*Work to complete*.
Pictures in the records are to be excluded from an otherwise exact copy.

*Exercise material*.

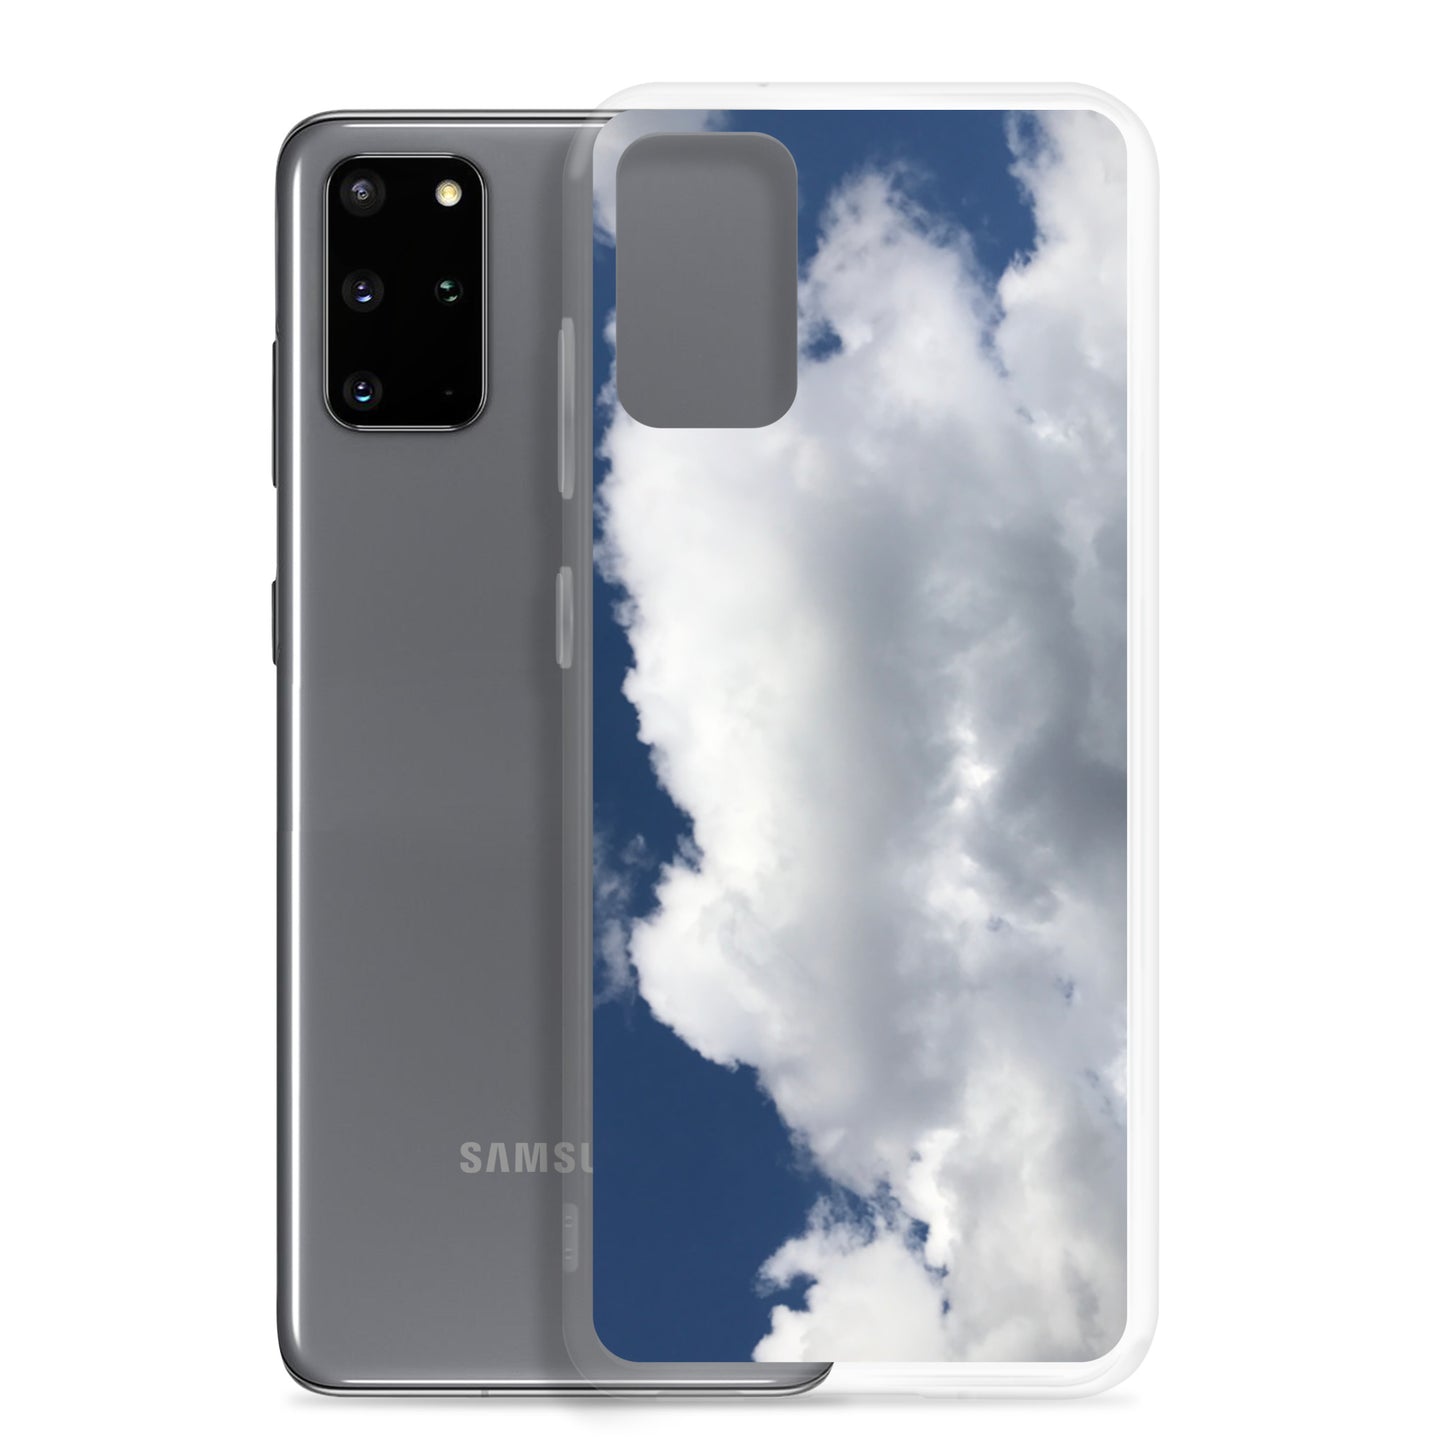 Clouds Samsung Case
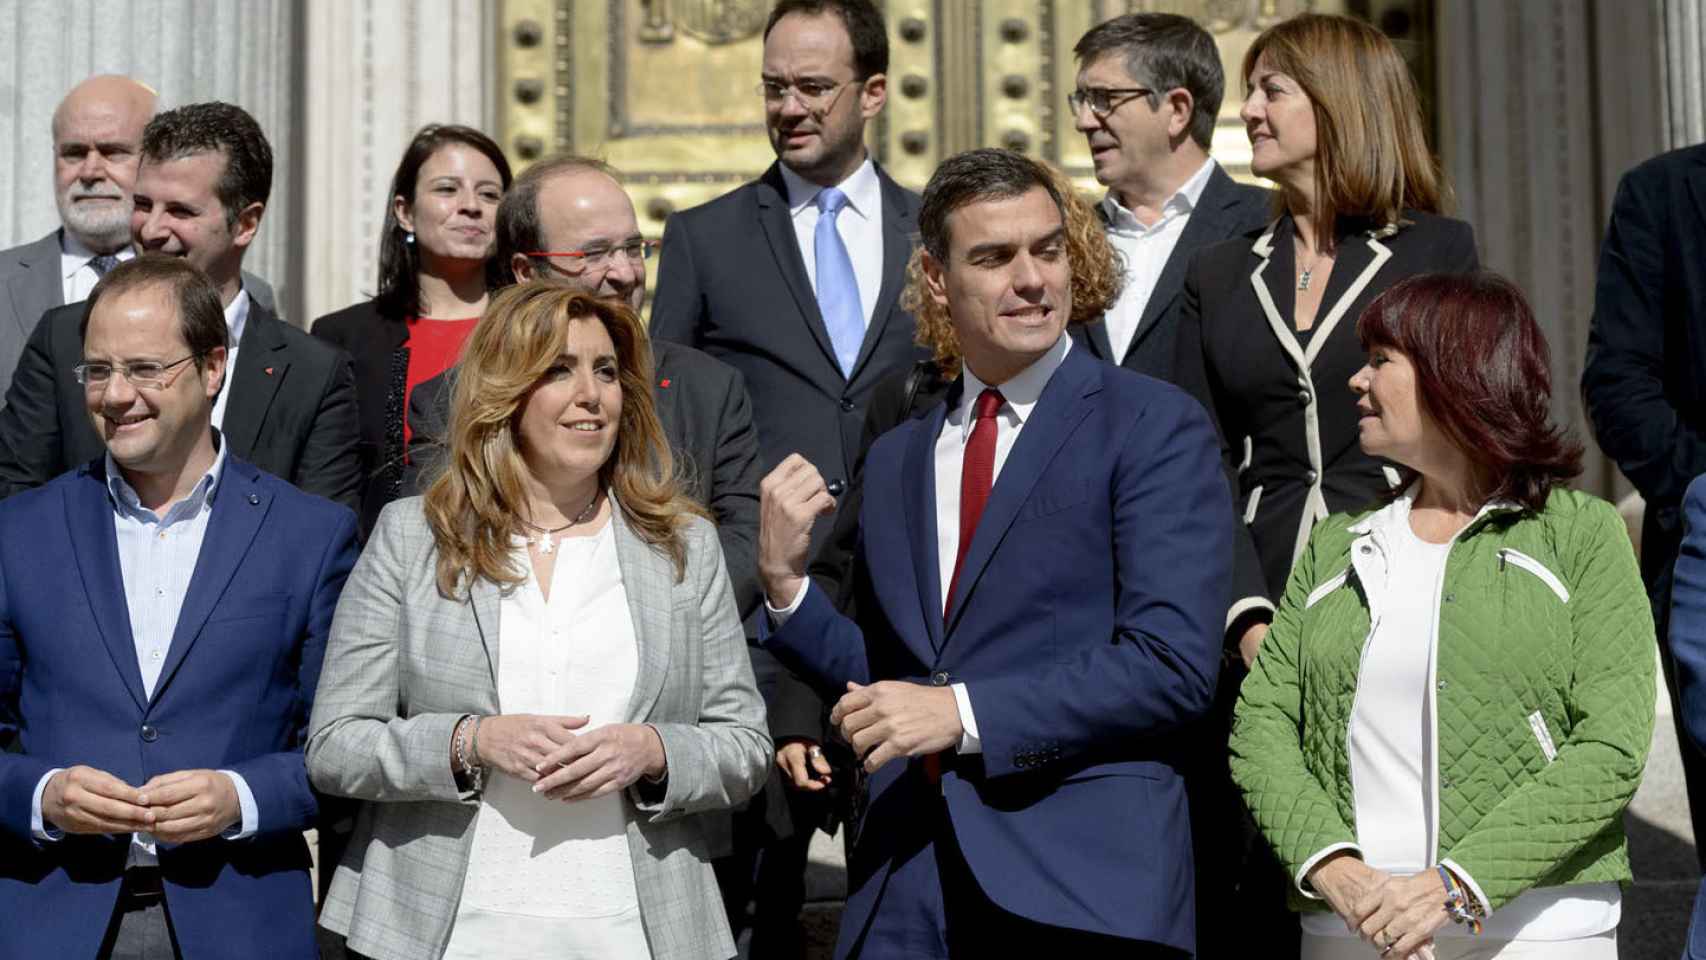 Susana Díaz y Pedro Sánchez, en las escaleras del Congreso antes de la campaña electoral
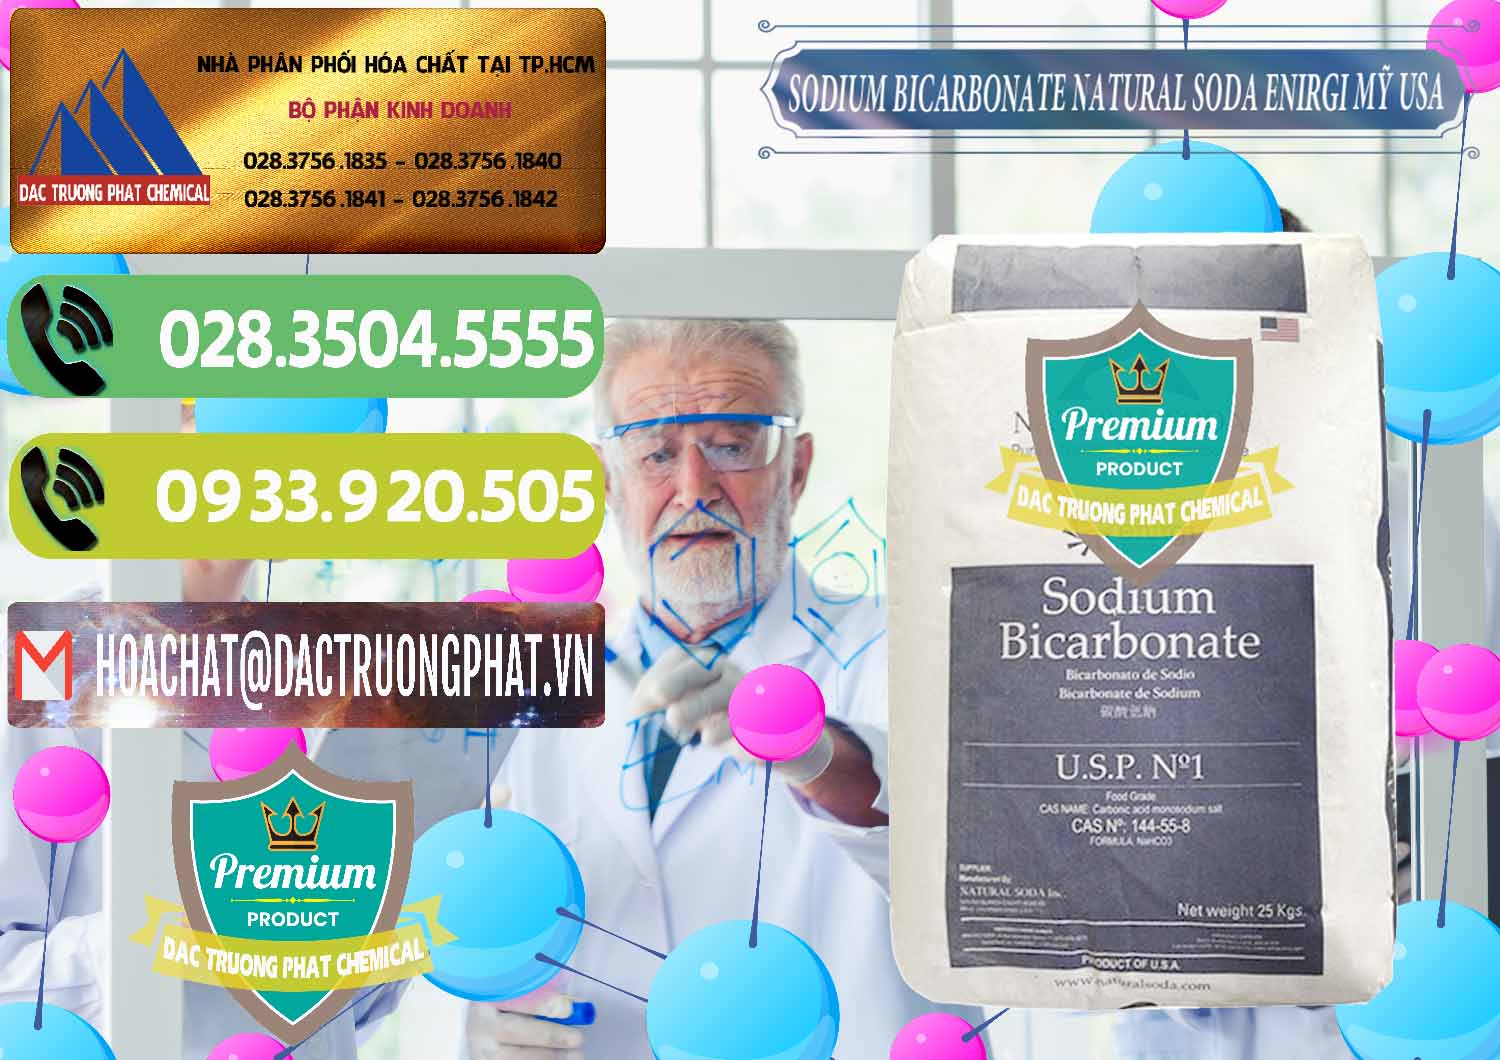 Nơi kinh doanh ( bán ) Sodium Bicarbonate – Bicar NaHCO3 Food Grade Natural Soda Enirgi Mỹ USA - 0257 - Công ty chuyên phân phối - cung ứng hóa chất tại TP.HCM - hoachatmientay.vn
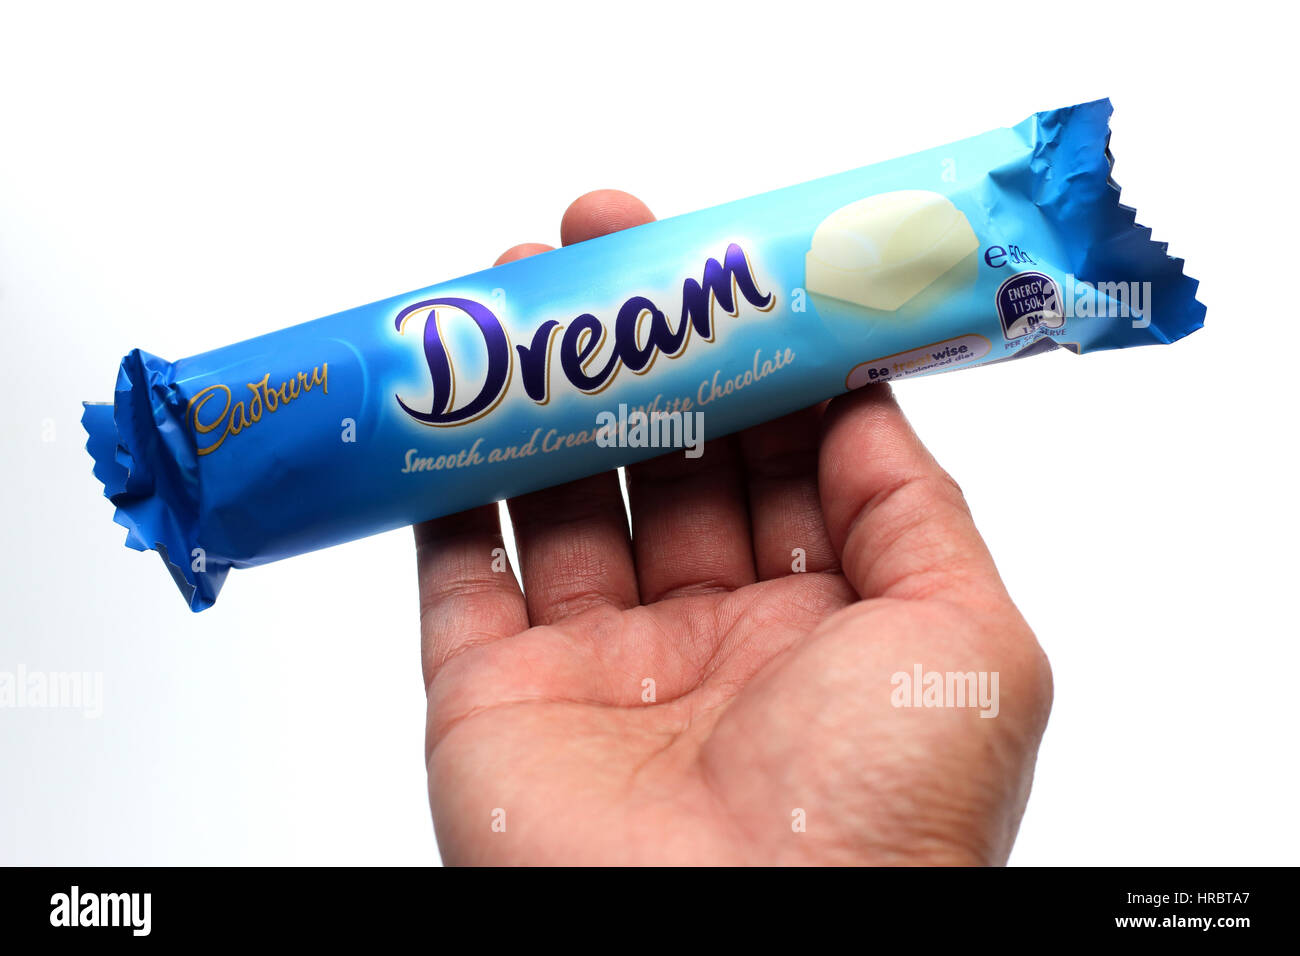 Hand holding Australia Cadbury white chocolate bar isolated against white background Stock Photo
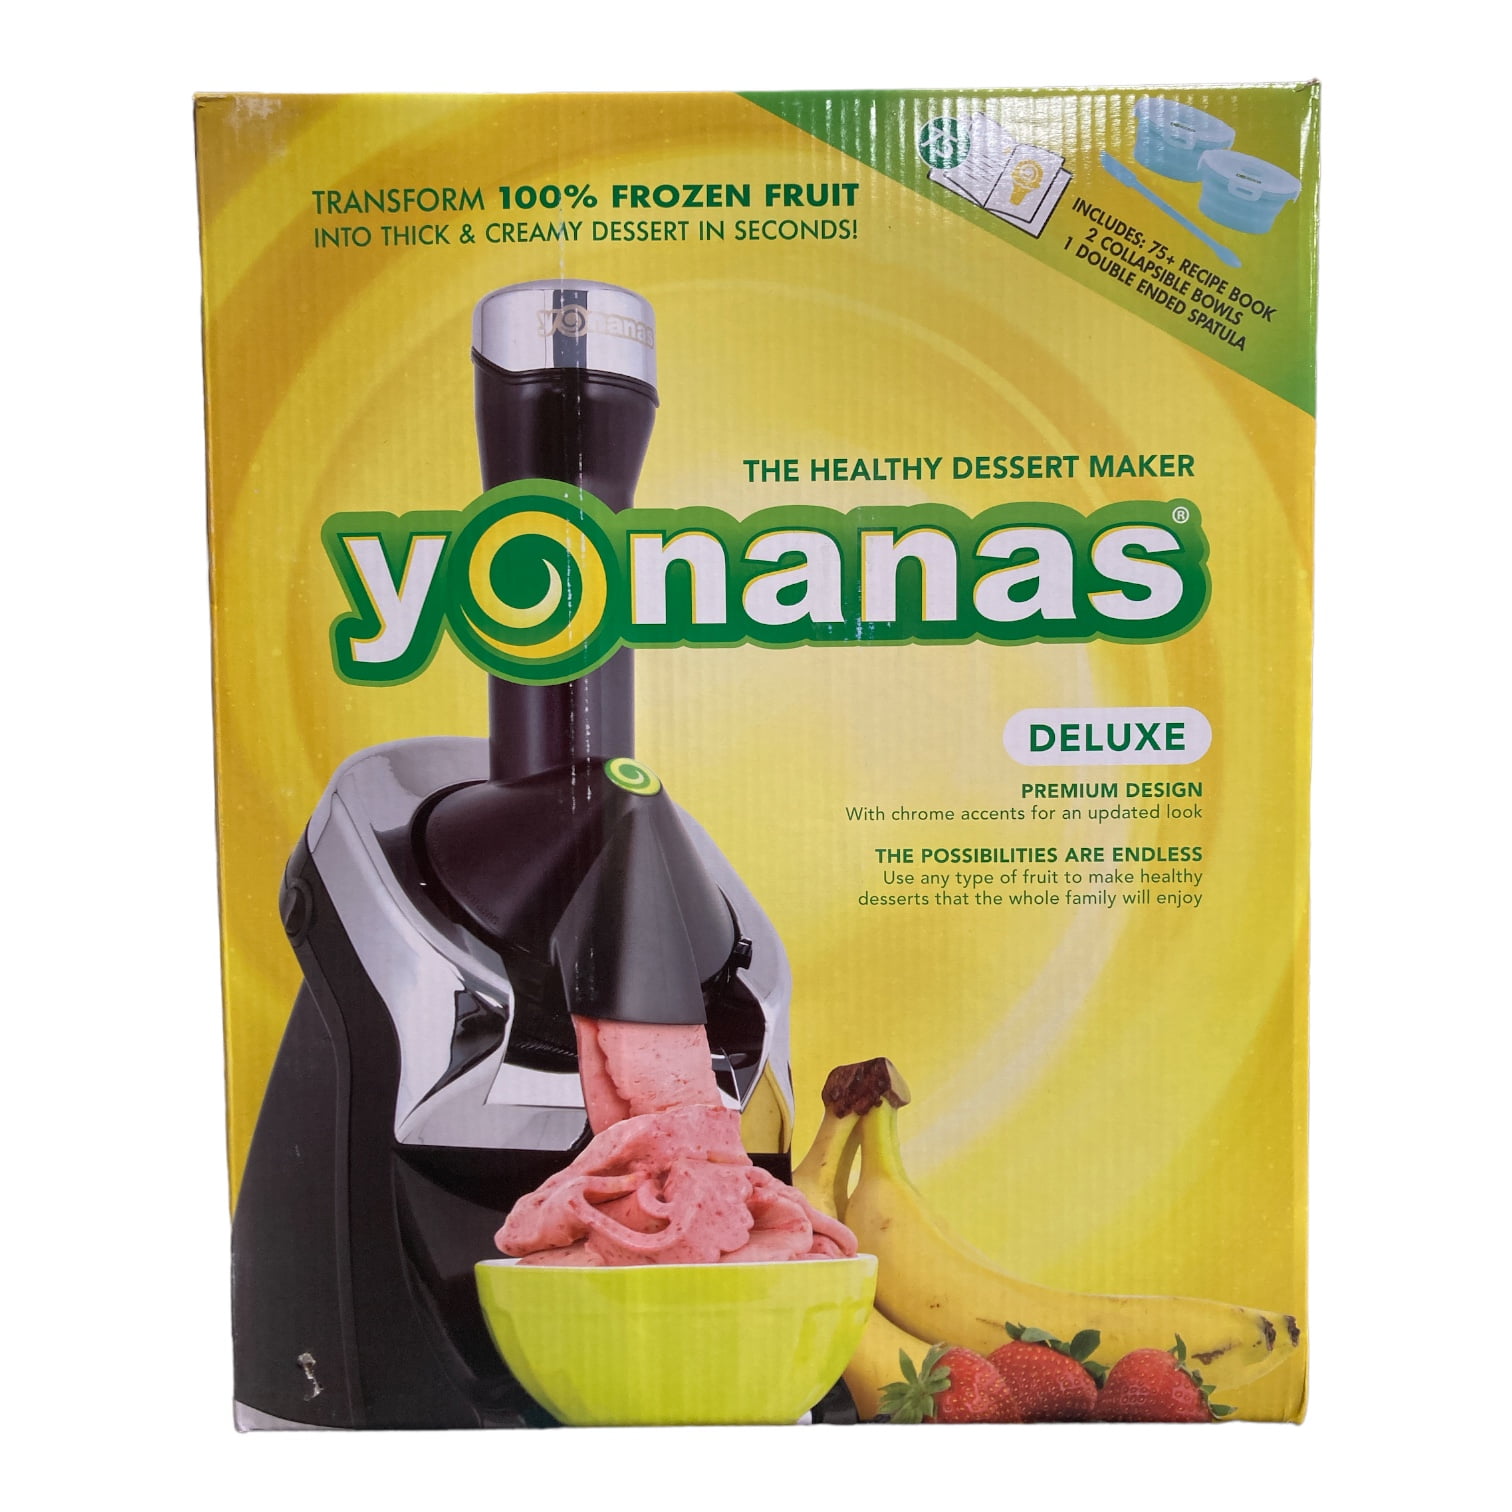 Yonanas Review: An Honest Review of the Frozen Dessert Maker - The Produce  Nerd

*Answer to this task*.
 Clouds Samsung Case
 Susana Díaz y Pedro Sánchez, en las escaleras del Congreso antes de la campaña electoral
 Nơi kinh doanh ( bán ) Sodium Bicarbonate – Bicar NaHCO3 Food Grade Natural Soda Enirgi Mỹ USA - 0257 - Công ty chuyên phân phối - cung ứng hóa chất tại TP.HCM - hoachatmientay.vn
 Hand holding Australia Cadbury white chocolate bar isolated against white background Stock Photo
 Yonanas Review: An Honest Review of the Frozen Dessert Maker - The Produce  Nerd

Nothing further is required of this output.